Category Azure Cosmos DB implementation Notes
Graph features Provides Persistence and ConcurrentAccess. Designed to support Transactions Computer methods can be implemented via the Spark connector.
Variable features Supports Boolean, Integer, Byte, Double, Float, Integer, Long, String Supports primitive types, is compatible with complex types via data model
Vertex features Supports RemoveVertices, MetaProperties, AddVertices, MultiProperties, StringIds, UserSuppliedIds, AddProperty, RemoveProperty Supports creating, modifying, and deleting vertices
Vertex property features StringIds, UserSuppliedIds, AddProperty, RemoveProperty, BooleanValues, ByteValues, DoubleValues, FloatValues, IntegerValues, LongValues, StringValues Supports creating, modifying, and deleting vertex properties
Edge features AddEdges, RemoveEdges, StringIds, UserSuppliedIds, AddProperty, RemoveProperty Supports creating, modifying, and deleting edges
Edge property features Properties, BooleanValues, ByteValues, DoubleValues, FloatValues, IntegerValues, LongValues, StringValues Supports creating, modifying, and deleting edge properties

Gremlin wire format

Azure Cosmos DB uses the JSON format when returning results from Gremlin operations. Azure Cosmos DB currently supports the JSON format. For example, the following snippet shows a JSON representation of a vertex returned to the client from Azure Cosmos DB:

  {
    "id": "a7111ba7-0ea1-43c9-b6b2-efc5e3aea4c0",
    "label": "person",
    "type": "vertex",
    "outE": {
      "knows": [
        {
          "id": "3ee53a60-c561-4c5e-9a9f-9c7924bc9aef",
          "inV": "04779300-1c8e-489d-9493-50fd1325a658"
        },
        {
          "id": "21984248-ee9e-43a8-a7f6-30642bc14609",
          "inV": "a8e3e741-2ef7-4c01-b7c8-199f8e43e3bc"
        }
      ]
    },
    "properties": {
      "firstName": [
        {
          "value": "Thomas"
        }
      ],
      "lastName": [
        {
          "value": "Andersen"
        }
      ],
      "age": [
        {
          "value": 45
        }
      ]
    }
  }

The properties used by the JSON format for vertices are described below:

Property Description
id The ID for the vertex. Must be unique (in combination with the value of _partition if applicable). If no value is provided, it will be automatically supplied with a GUID
label The label of the vertex. This property is used to describe the entity type.
type Used to distinguish vertices from non-graph documents
properties Bag of user-defined properties associated with the vertex. Each property can have multiple values.
_partition The partition key of the vertex. Used for graph partitioning.
outE This property contains a list of out edges from a vertex. Storing the adjacency information with vertex allows for fast execution of traversals. Edges are grouped based on their labels.

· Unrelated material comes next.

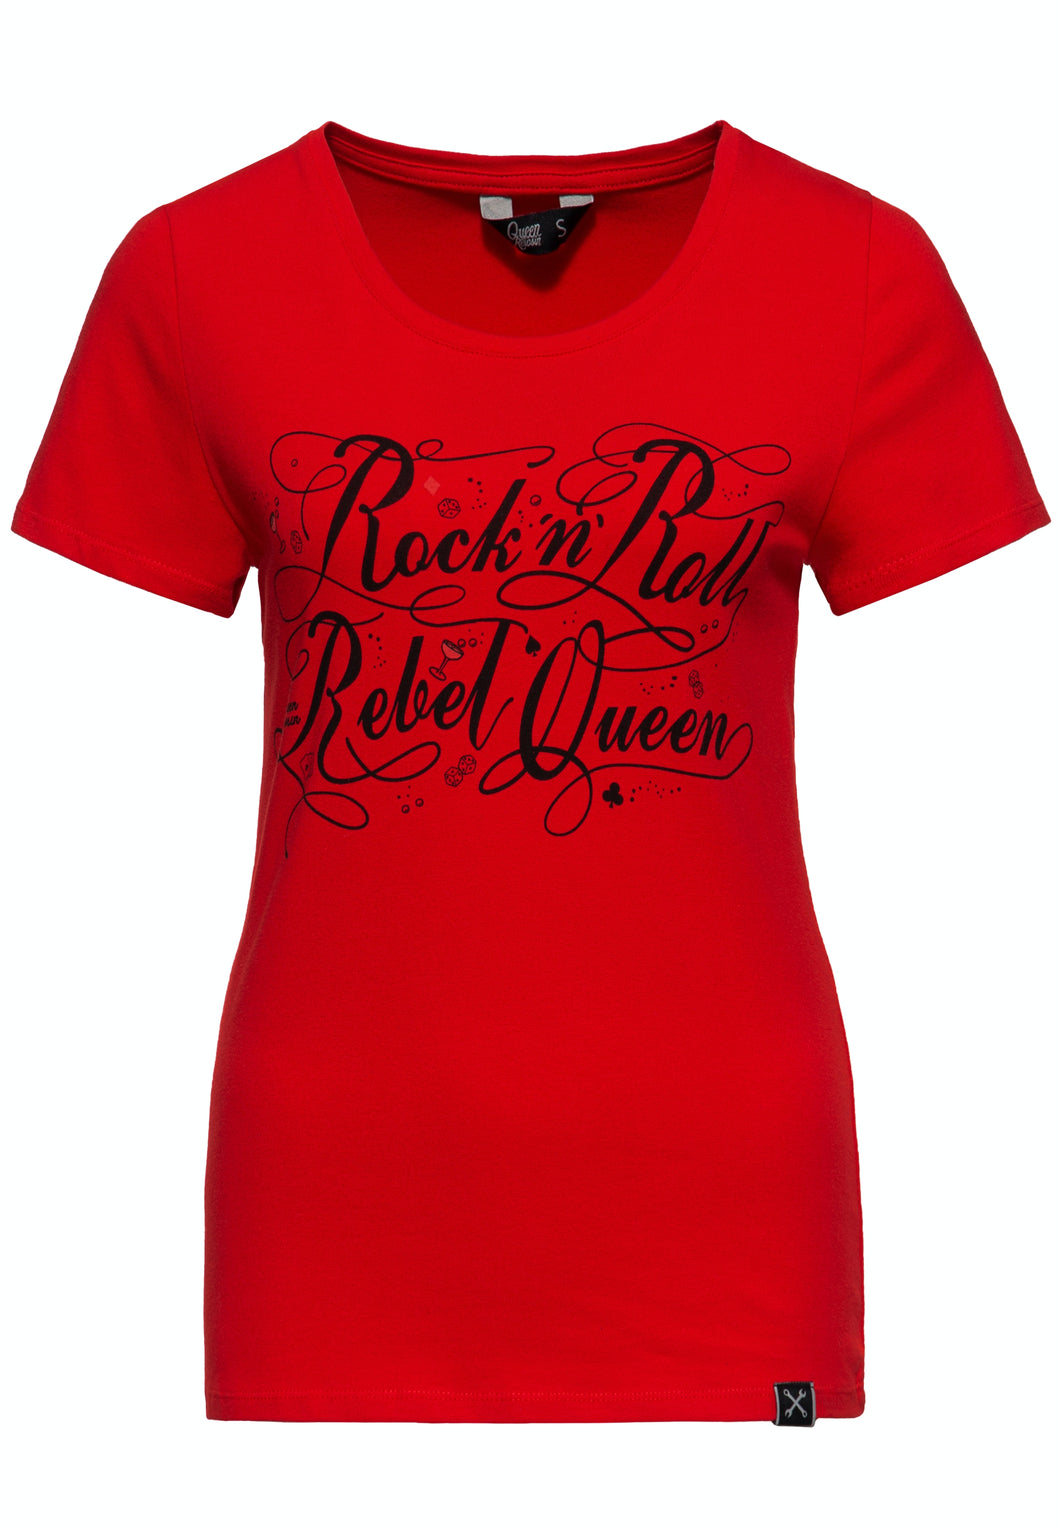 T-Shirt Rock'n Roll Queen, rot

And the edge contains the following information to help with navigation to other parts of the graph.

Property Description
id The ID for the edge. Must be unique (in combination with the value of _partition if applicable)
label The label of the edge. This property is optional, and used to describe the relationship type.
inV This property contains a list of in vertices for an edge. Storing the adjacency information with the edge allows for fast execution of traversals. Vertices are grouped based on their labels.
properties Bag of user-defined properties associated with the edge. Each property can have multiple values.

Each property can store multiple values within an array.

Property Description
value The value of the property

Gremlin steps

Now let's look at the Gremlin steps supported by Azure Cosmos DB. For a complete reference on Gremlin, see TinkerPop reference.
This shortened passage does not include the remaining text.